**DATASET CONTENT**

————————

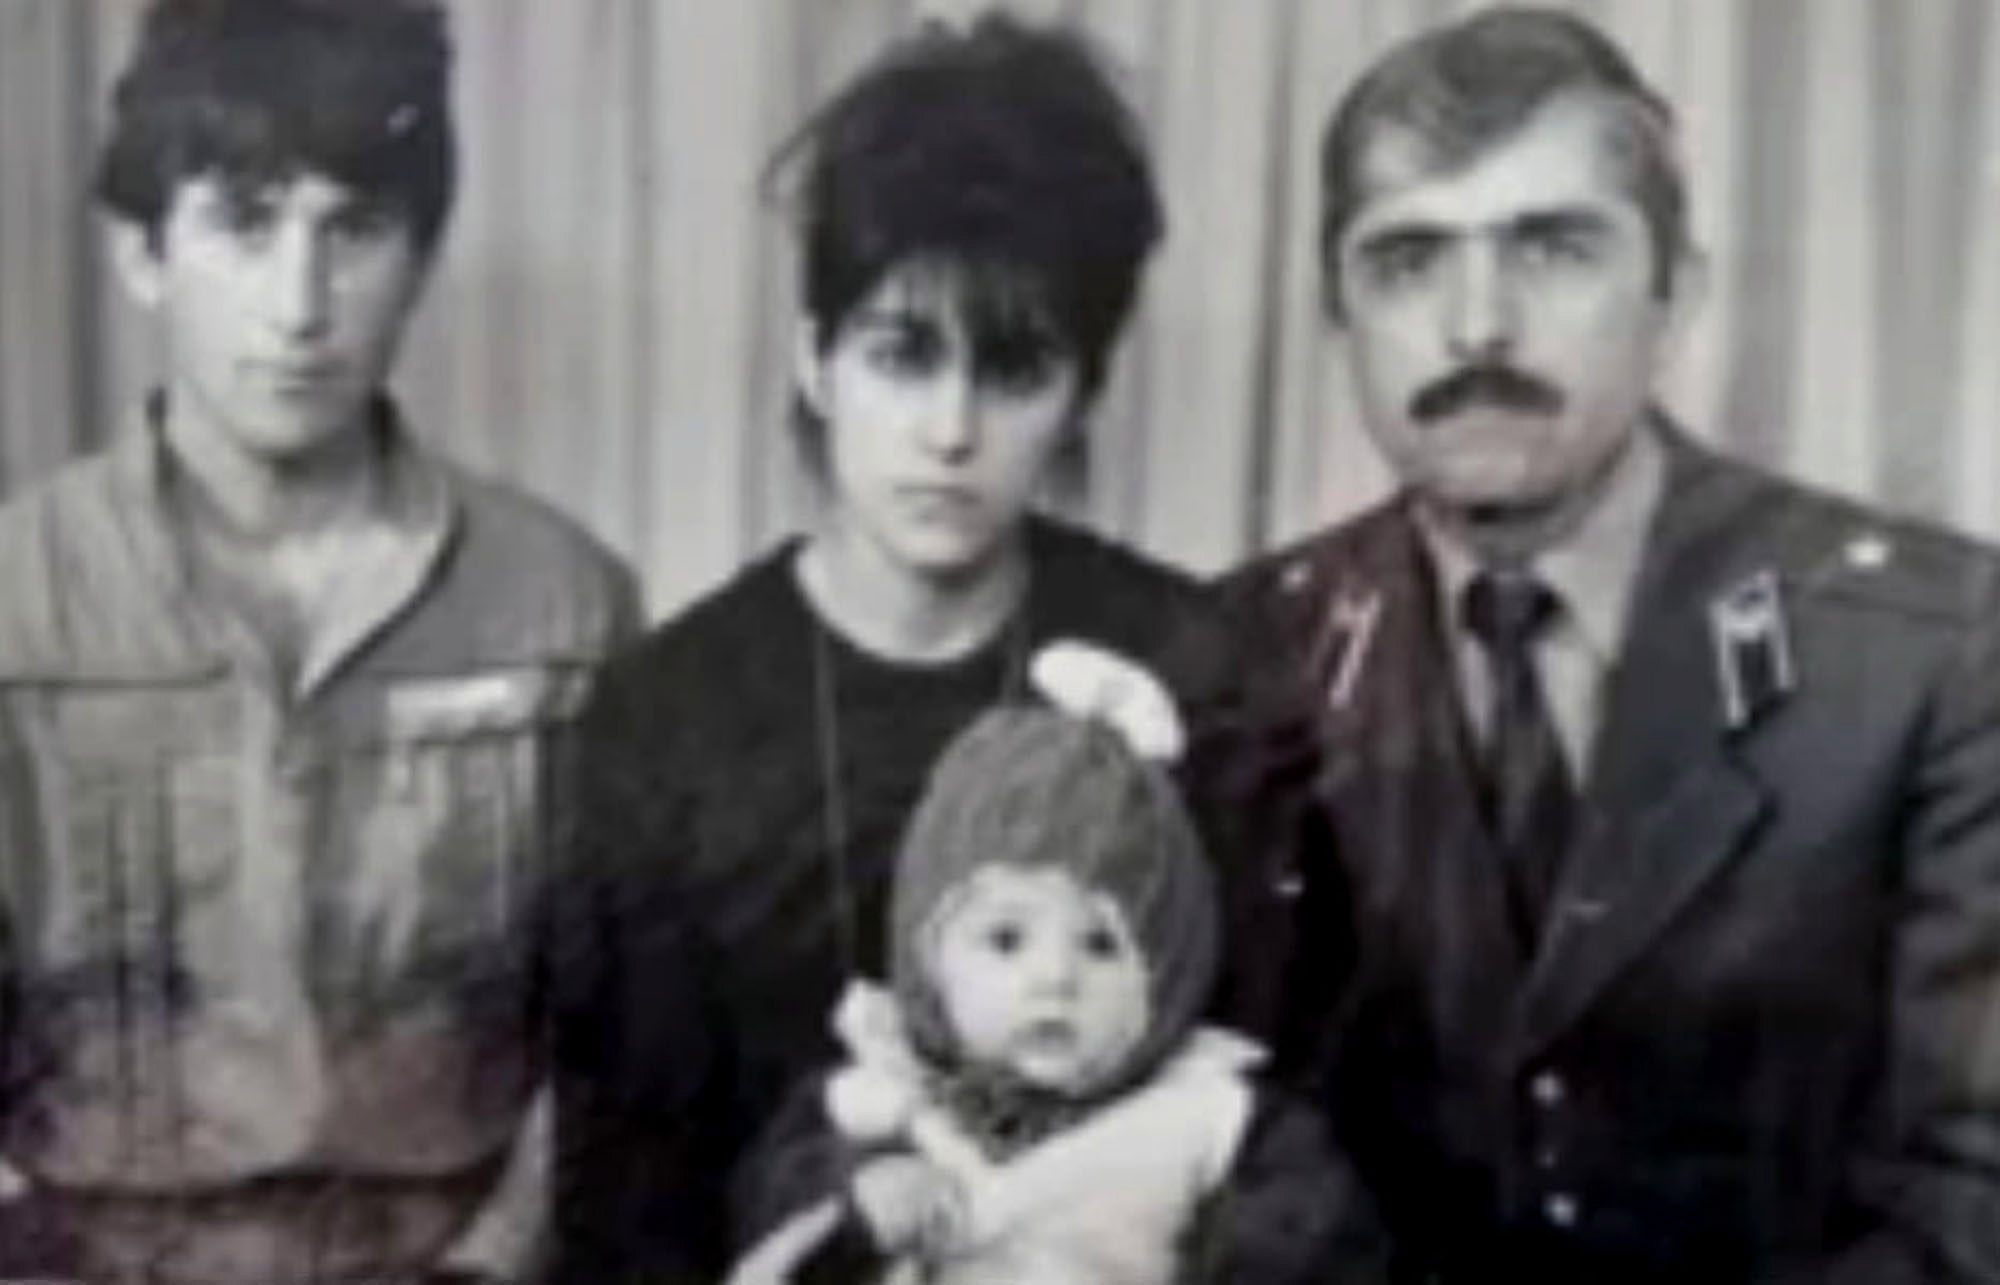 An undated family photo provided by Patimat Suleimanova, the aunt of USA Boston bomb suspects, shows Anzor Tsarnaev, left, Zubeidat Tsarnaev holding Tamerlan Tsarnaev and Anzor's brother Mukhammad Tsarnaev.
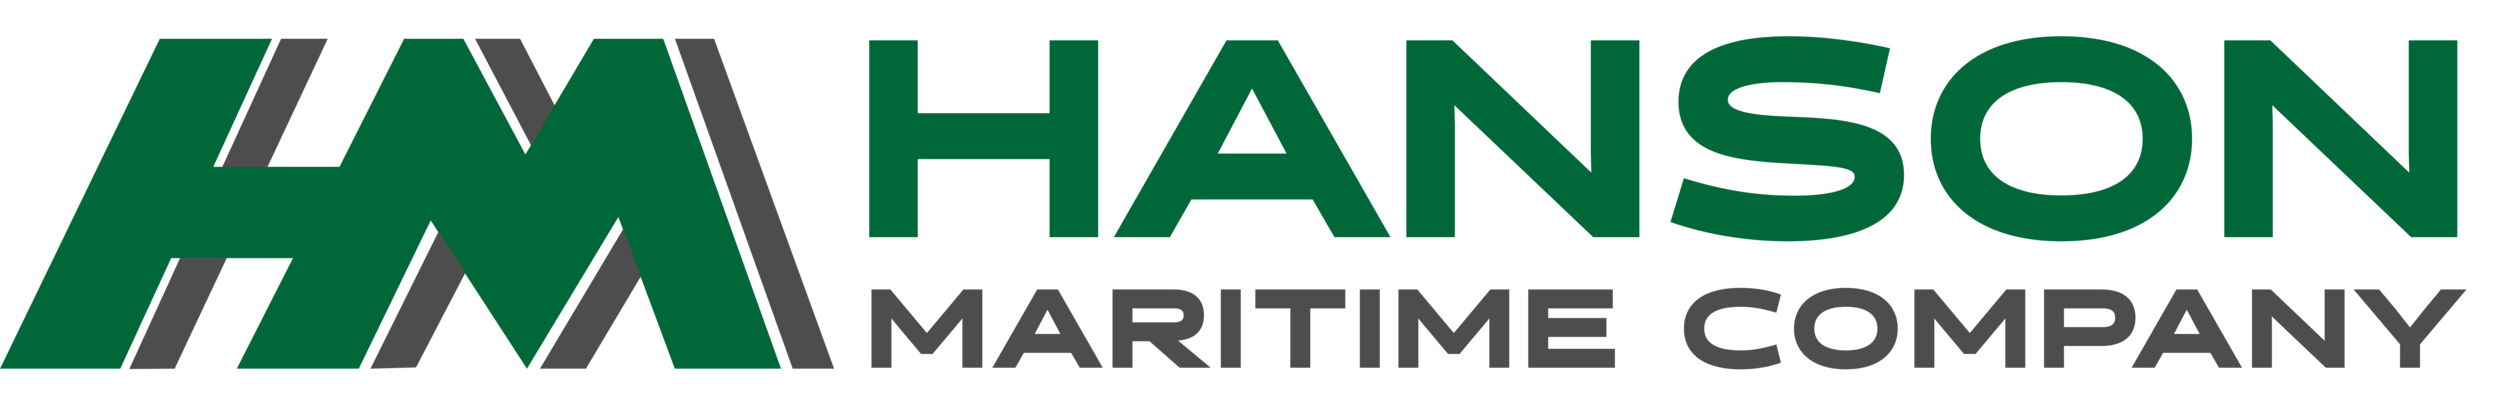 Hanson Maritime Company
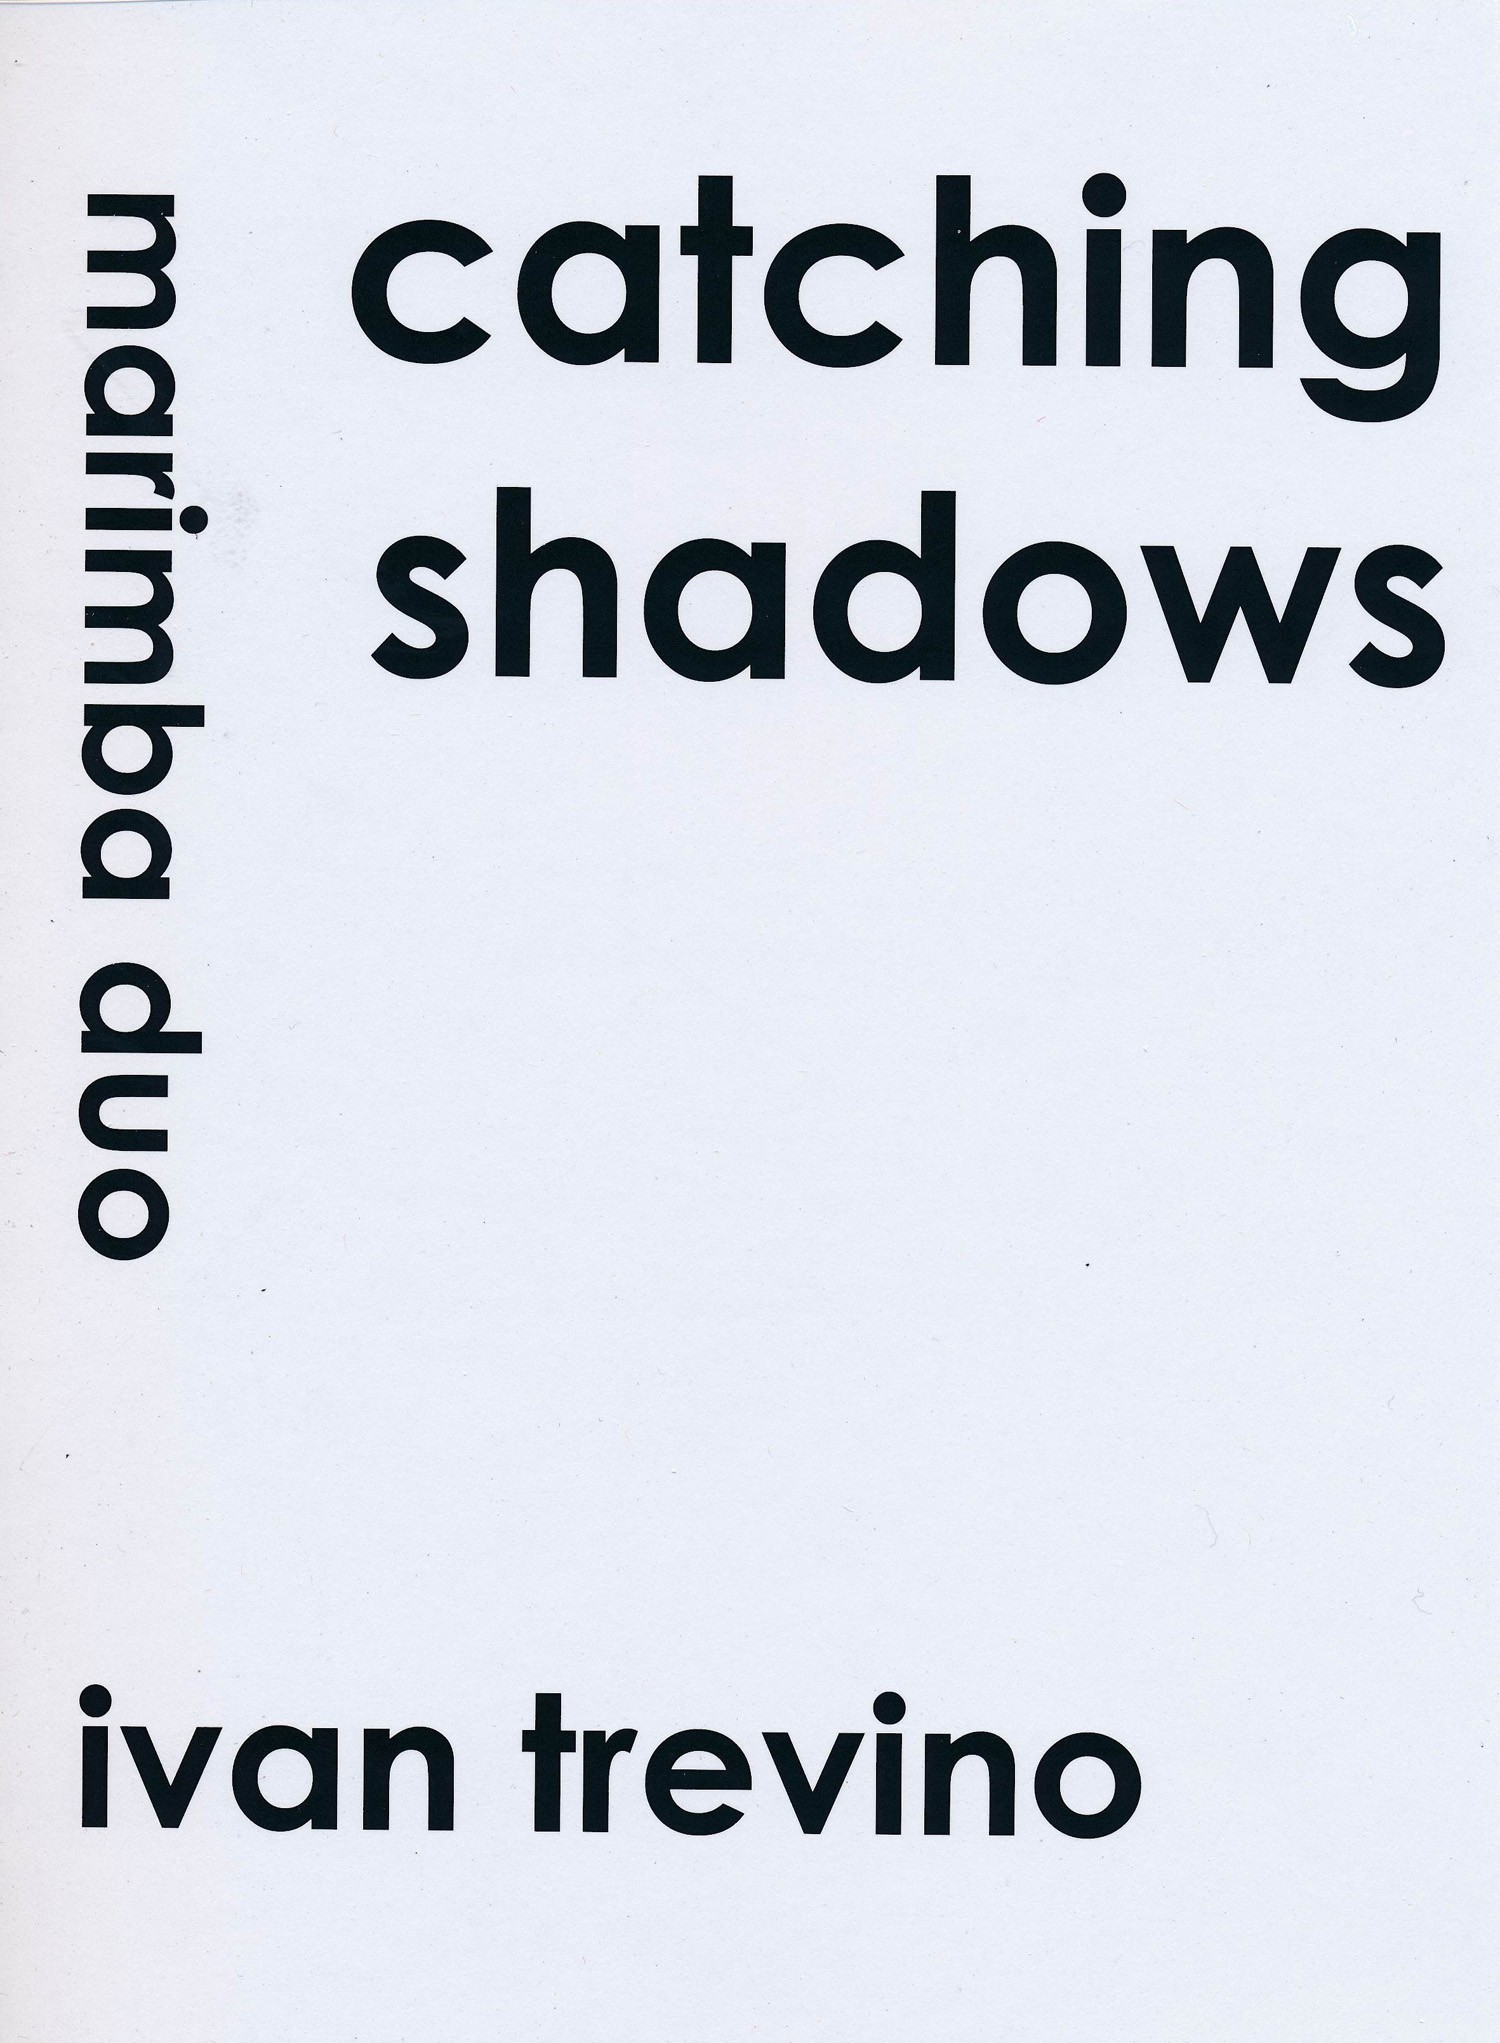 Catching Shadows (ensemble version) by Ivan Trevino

————————

**TASK PROMPT**
Exact repetition required: repeat the first line of the listing above, the line containing "Hanson Maritime Company", and every line between, leaving out pictures.

**TASK ANSWER**
 An undated family photo provided by Patimat Suleimanova, the aunt of USA Boston bomb suspects, shows Anzor Tsarnaev, left, Zubeidat Tsarnaev holding Tamerlan Tsarnaev and Anzor's brother Mukhammad Tsarnaev.
 Hanson Maritime Company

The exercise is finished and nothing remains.